On Wed, Jun 17, 2020 at 09:18:00AM +0300, Serhiy Storchaka wrote:

> 17.06.20 08:29, Steven D'Aprano пише:
> >What exactly is getting in the way here? Standards do change. One
> >standard (JSON) is not capable of representing all values from another
> >standard (IEEE-754). Removing NANs and INFs would break floating point
> >software everywhere, and a lot of hardware too. Adding support for them
> >to JSON would be an enhancement, not a breakage. In my ignorance, that
> >seems like a no-brainer.
> 
> Adding NANs and INFs to JSON will break virtually every software which 
> reads JSON because many (most?) of existing standard-conforming 
> implementations do not support them.

It won't break anything that doesn't actually include NANs or INFs.

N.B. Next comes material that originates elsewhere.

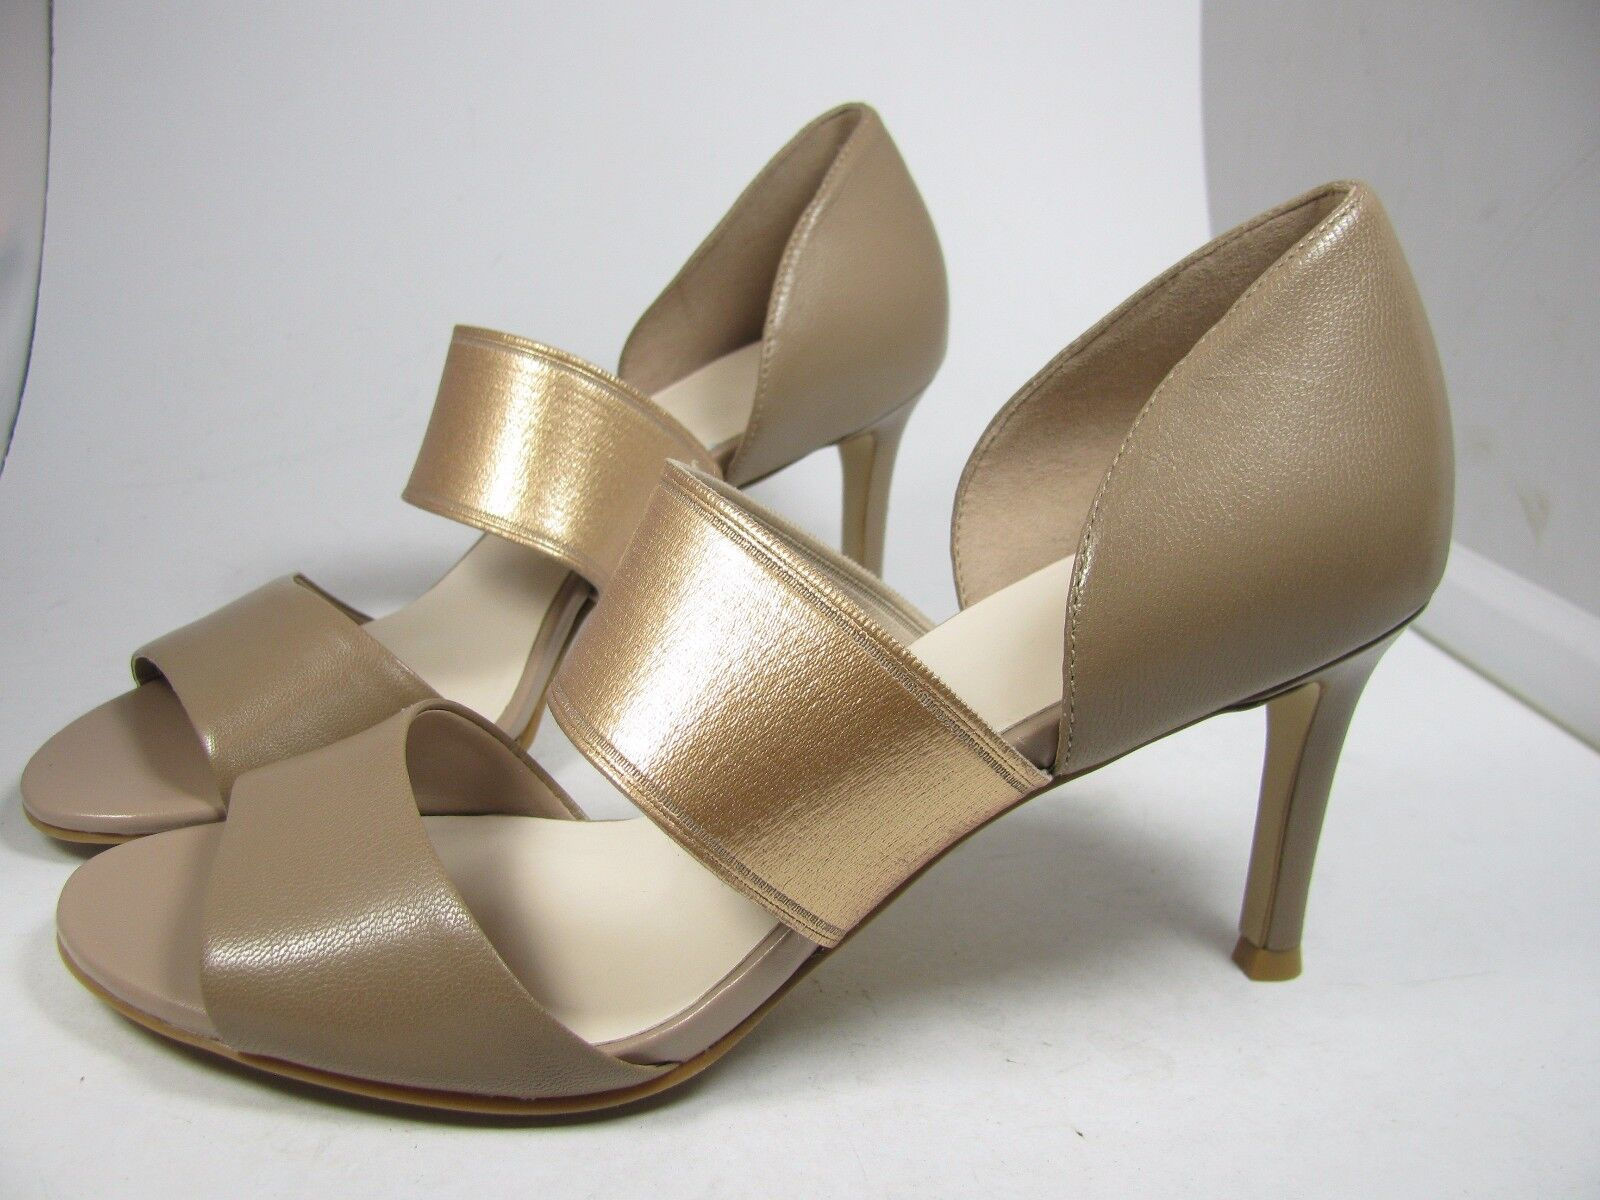 SZ 7.5 NEW NEW NEW COLE HAAN sandals heels damen Belline tan Pump open toe schuhe 3e9f3c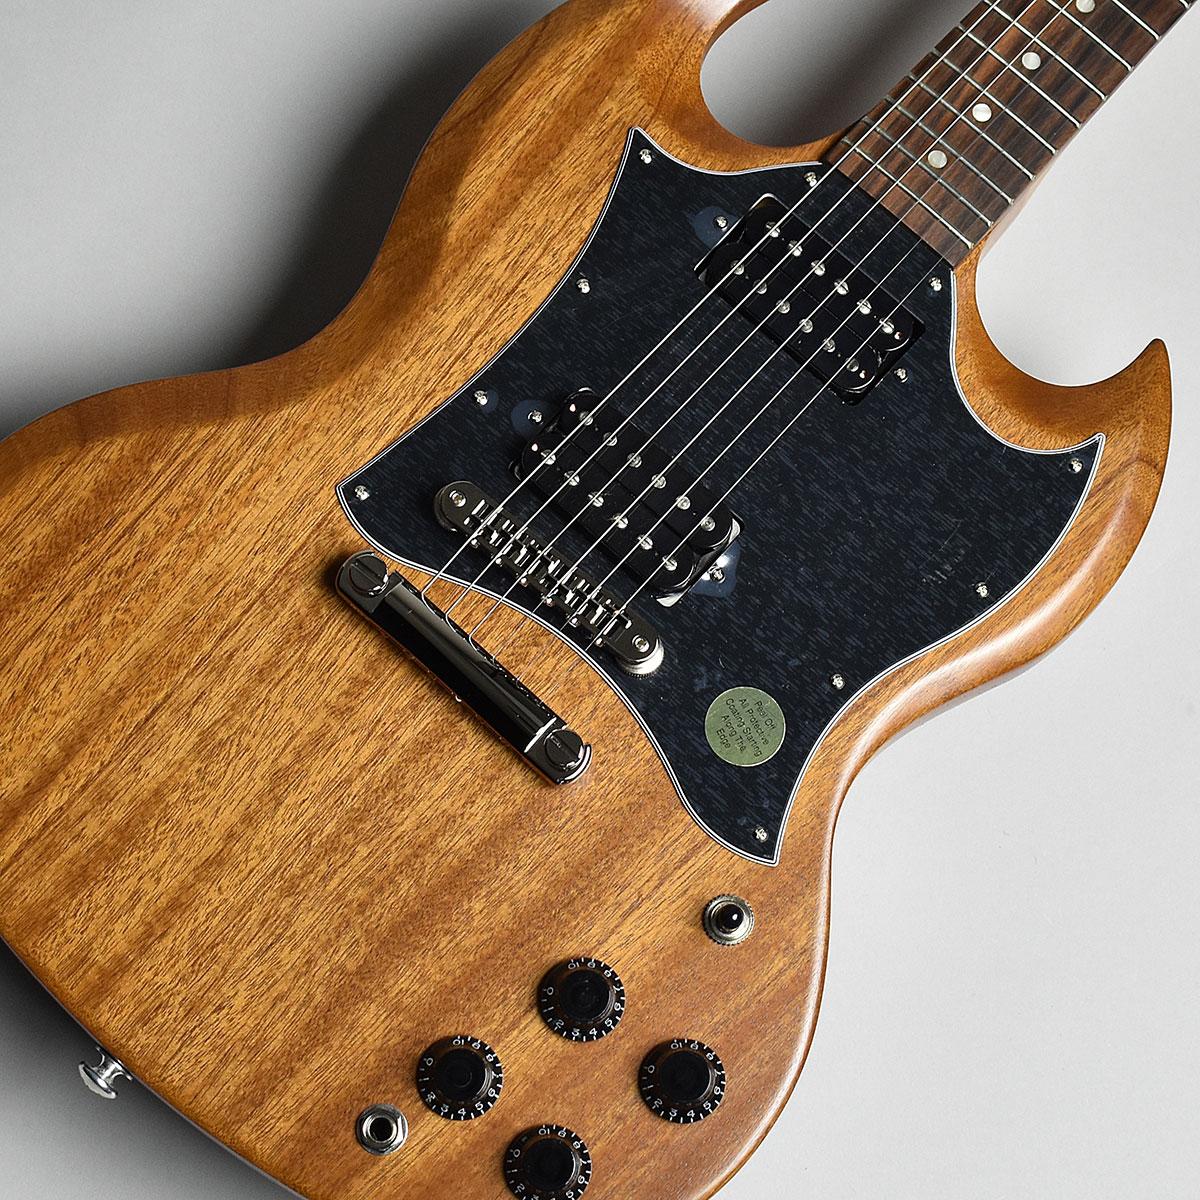 Gibson SG Standard Tribute 2019 Walnut Vintage Gloss S/N:190004411 【ギブソン】【未展示品】

In another post, you replied to David Mertz:

"1. Initial standard allowed only JSON objects and JSON arrays at the 
top level, but Python implementations allowed all. Now the standard has 
been changed."

"2. Initial standard allowed binary input and suggested algorithm to
determine the encoding (if it one of UTF-8, UTF-16, UTF-32 with
variations). Current standard requires UTF-8 encoding."

So the standard has changed in the past. Breakage can be managed.

I don't know anyone who likes the fact that JSON cannot round-trip all 
Javascript numbers. Its a source of pain to anyone who deals with such 
numbers where infinities and NANs might appear. JSON has changed in the 
past, breaking backwards compatibility, and I dare say it will change 
again in the future. Why is it unthinkable for this issue?

There might be a good reason. But it's not obvious to me what that would 
be, other than "But we've always done it this way".